Flusberg DA, Roux J, Spencer SL, and Sorger PK (2013). Cells Surviving Fractional Killing by TRAIL Exhibit Transient but Sustainable Resistance and Inflammatory Phenotypes. Mol Biol Cell PMC3708725 PMID: 23699397.
Abstract
When clonal populations of human cells are exposed to apoptosis-inducing agents, some cells die and others survive. This fractional killing arises not from mutation but from pre-existing, stochastic differences in the levels and activities of proteins regulating apoptosis. In this paper we examine the properties of cells that survive treatment with agonists of two distinct death receptors, TRAIL and anti-FasR antibodies.
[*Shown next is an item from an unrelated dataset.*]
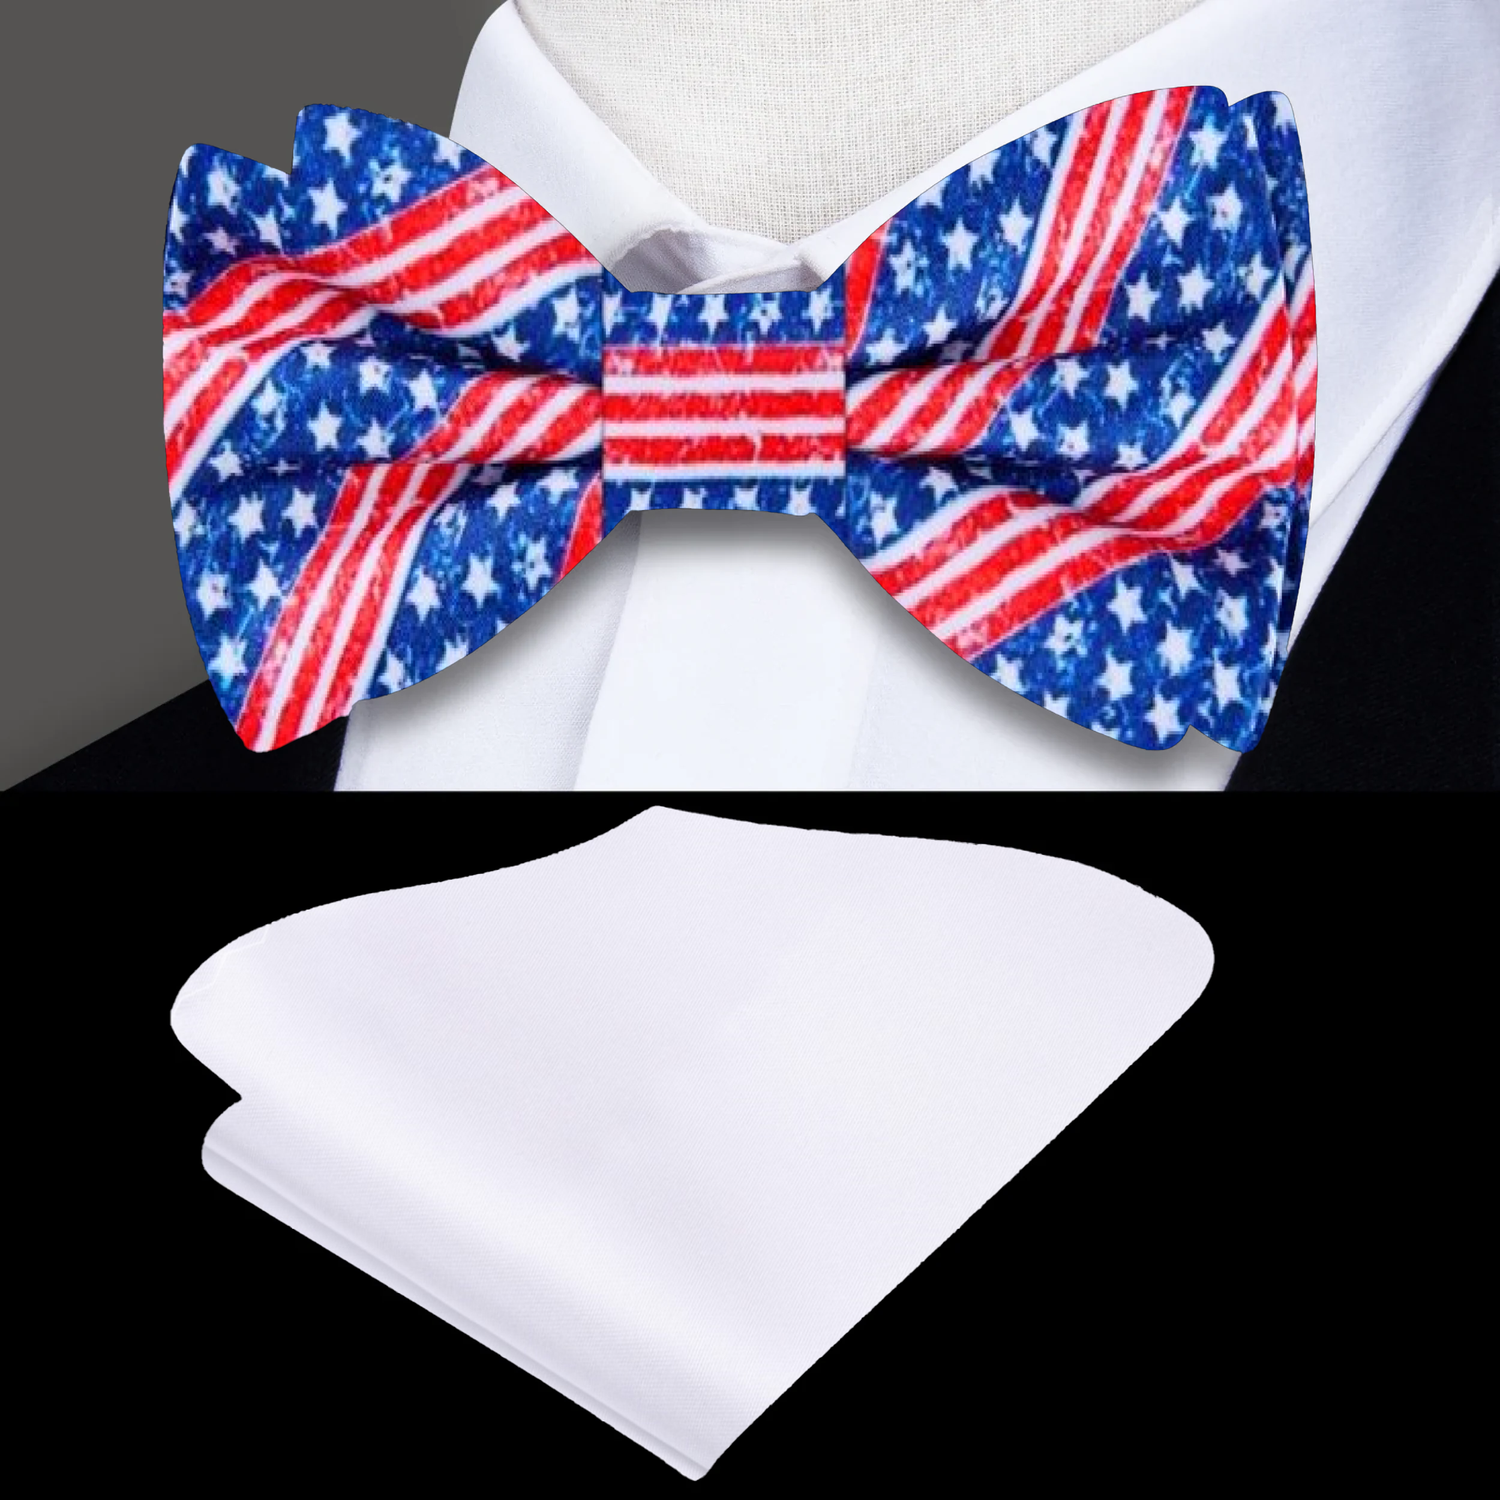 Blue, Red, White Stars and Stripes Bow Tie and White Square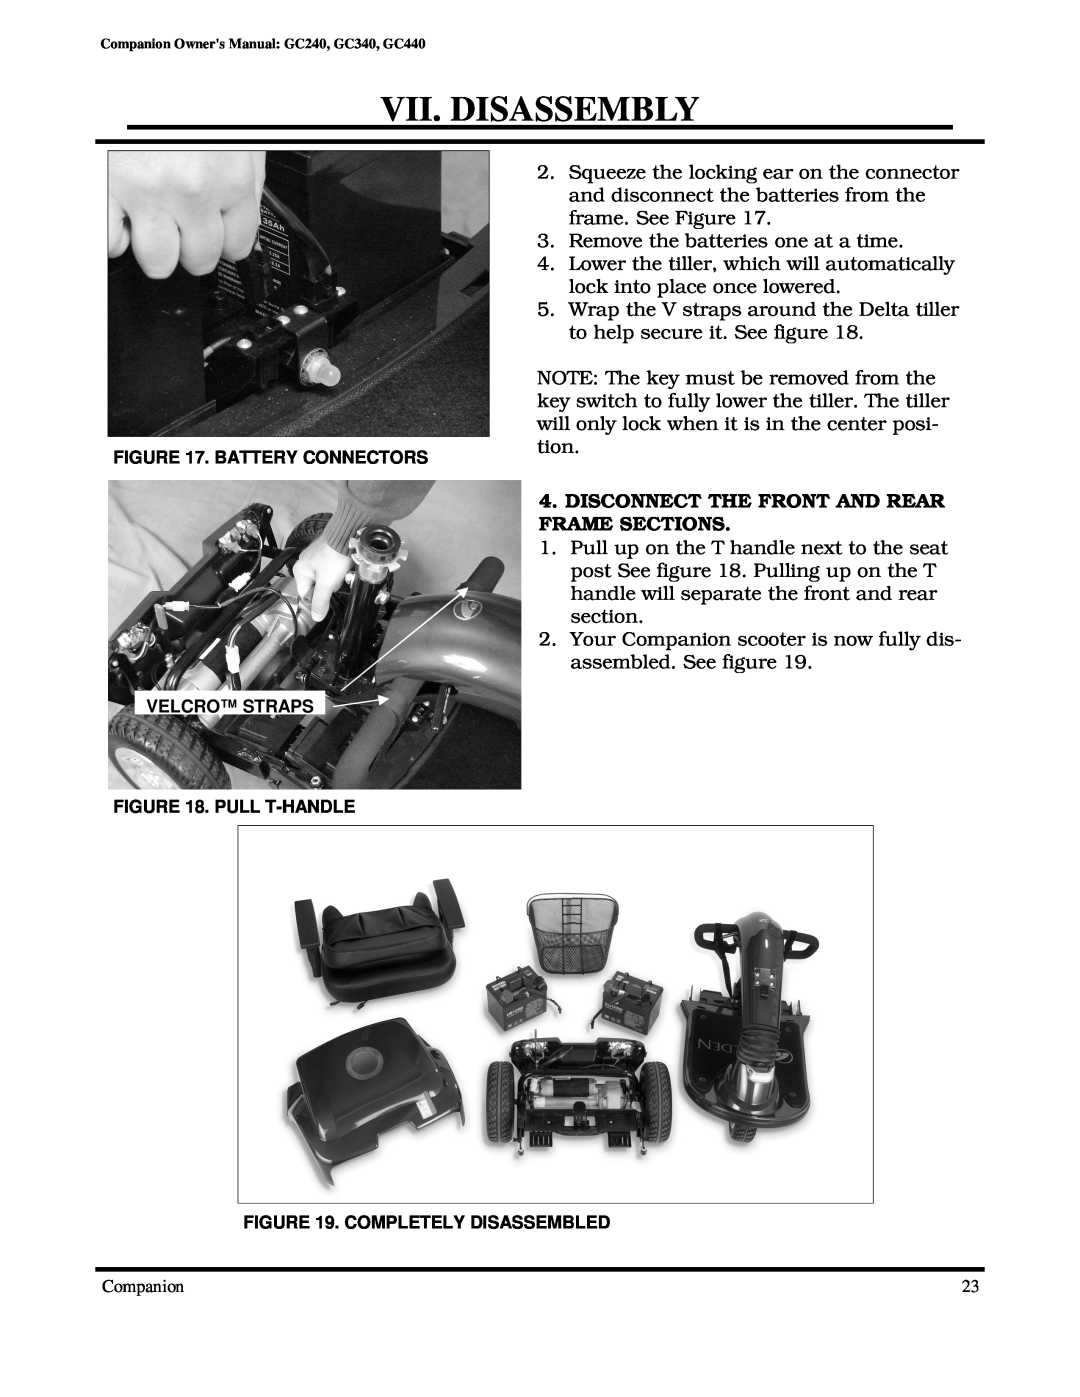 Golden Technologies GC440, GC240, GC340 owner manual Vii. Disassembly, Disconnect The Front And Rear Frame Sections

We find that “survivor” cells are highly resistant to a second ligand dose applied one day later. Resistance is reversible, resetting after several days of culture in the absence of TRAIL. “Reset” cells appear identical to drug-naive cells with respect to death ligand sensitivity and gene expression profiles. TRAIL survivors are cross-resistant to activators of FasR and vice-versa, and exhibit an NF-kappaB-dependent inflammatory phenotype. Remarkably, reversible resistance is induced in the absence of cell death when caspase inhibitors are present and can be sustained for a week or more, also without cell death, by periodic ligand exposure. Thus, stochastic differences in cell state can have sustained consequences for sensitivity to prodeath ligands and acquisition of proinflammatory phenotypes. The important role played by periodicity in TRAIL exposure for induction of opposing apoptosis and survival mechanisms has implications for the design of optimal therapeutic agents and protocols.